9. The method of claim 8, wherein the employing the fusion classification network to perform feature fusion and predict the living body class on the second training features of the plurality of sub-training image sets to obtain the fusion living body classification result of the plurality of sub-training image sets comprises:

the fusion classification network is adopted to adaptively adjust the weights of the plurality of second training feature sets based on the difference between the sub-classification results and the labeled living body categories, so that the weights of the plurality of second training feature sets are obtained;

feature fusion is carried out on the plurality of second training feature sets based on the weights of the plurality of second training feature sets, so that fusion training features of the plurality of second training feature sets are obtained; and

And predicting the living body category of the plurality of sub-training image sets based on the fusion training characteristics to obtain a fusion living body category result of the plurality of sub-training image sets.

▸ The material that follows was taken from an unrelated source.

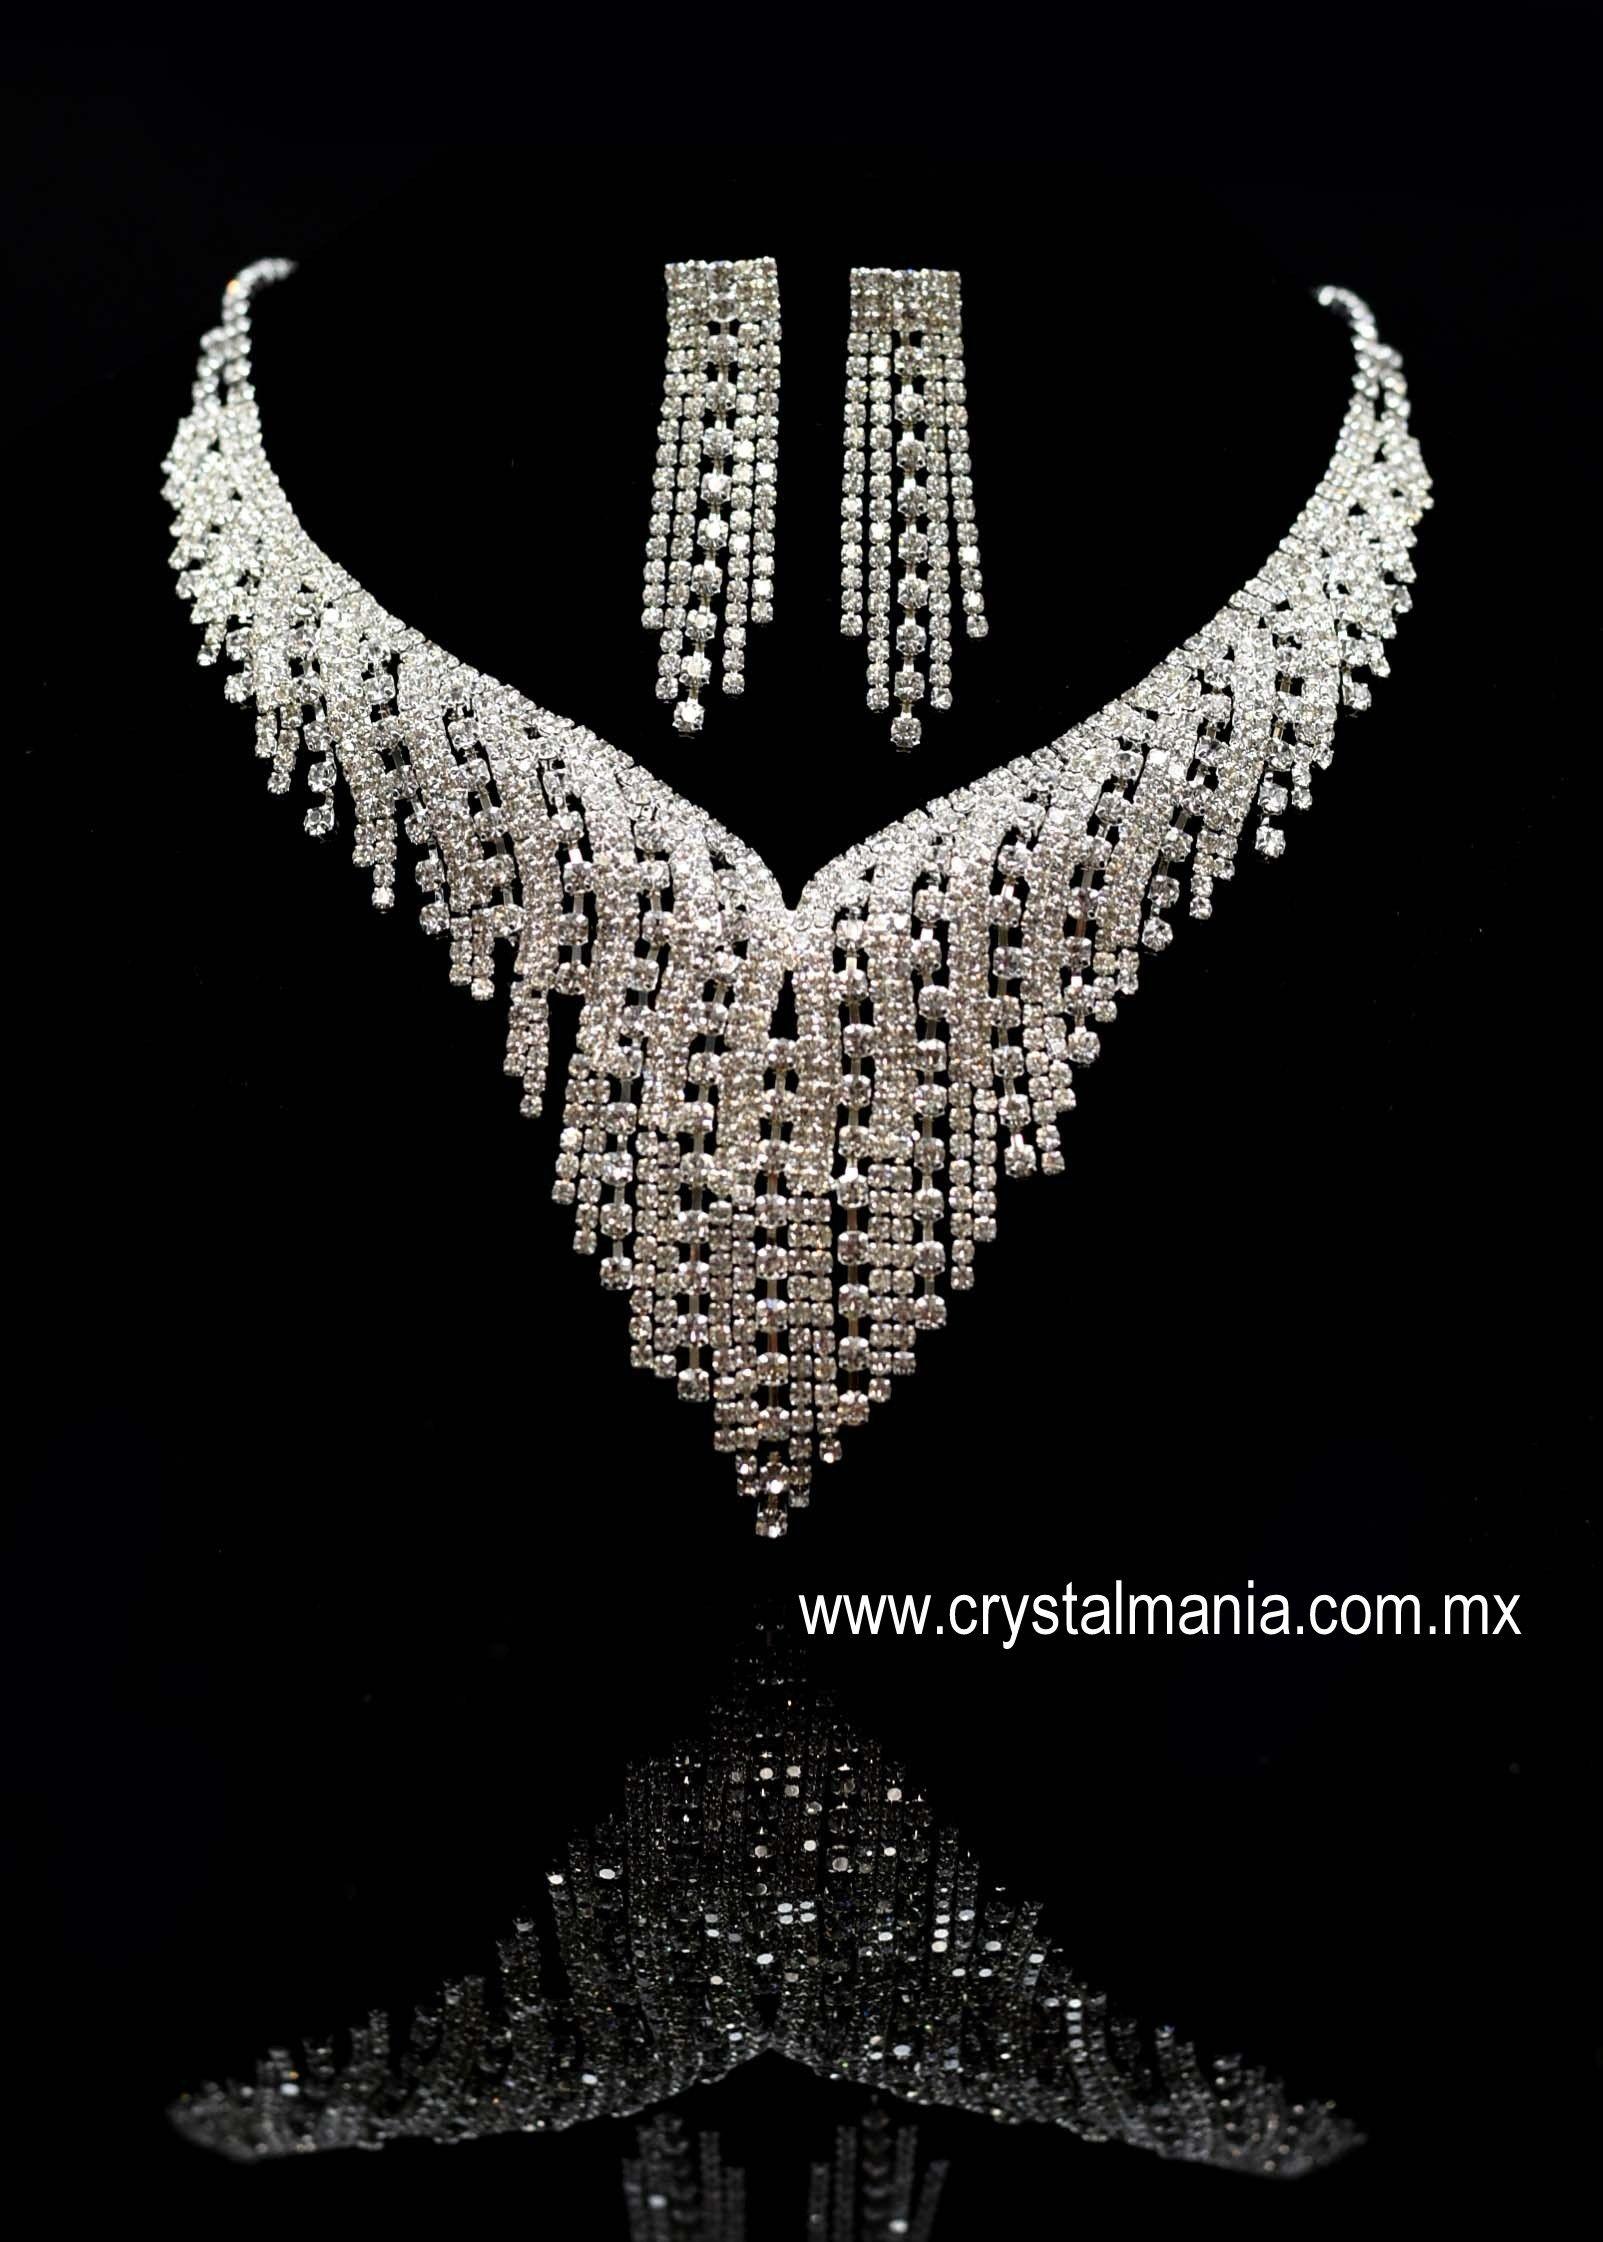 eb43aed575db Collares cristal collares pedreria collares con perlas collares moda ...

10. The method of claim 8, wherein the determining second loss information based on the fused living organism classification result and the labeled living organism category corresponding to the comprehensive training image set, the plurality of sub-living organism classification results and the labeled living organism category corresponding thereto, comprises:

obtaining a fusion living body classification loss based on the fusion living body classification result and the labeled living body category corresponding to the comprehensive training image set;

determining a plurality of sub-living body classification losses based on the plurality of sub-living body classification results and the corresponding labeled living body categories; and

and obtaining the second loss information based on the accumulated sum of the fusion living body classification loss and the plurality of sub living body classification losses.

11. A living body detection method, comprising:

acquiring an original image of an object to be detected; and

inputting the original image into a living body detection model to obtain a living body detection result corresponding to the original image, wherein the living body detection model is obtained by training according to the living body detection model training method according to any one of claims 1-10.

12. A biopsy system, comprising:

at least one storage medium storing at least one set of instructions for performing a living organism detection; and

at least one processor communicatively coupled to the at least one storage medium,

wherein, when the biopsy system is running, the at least one processor reads the biopsy model and implements the biopsy method of claim 11, the biopsy model being trained in accordance with the biopsy model training method of any one of claims 1-10.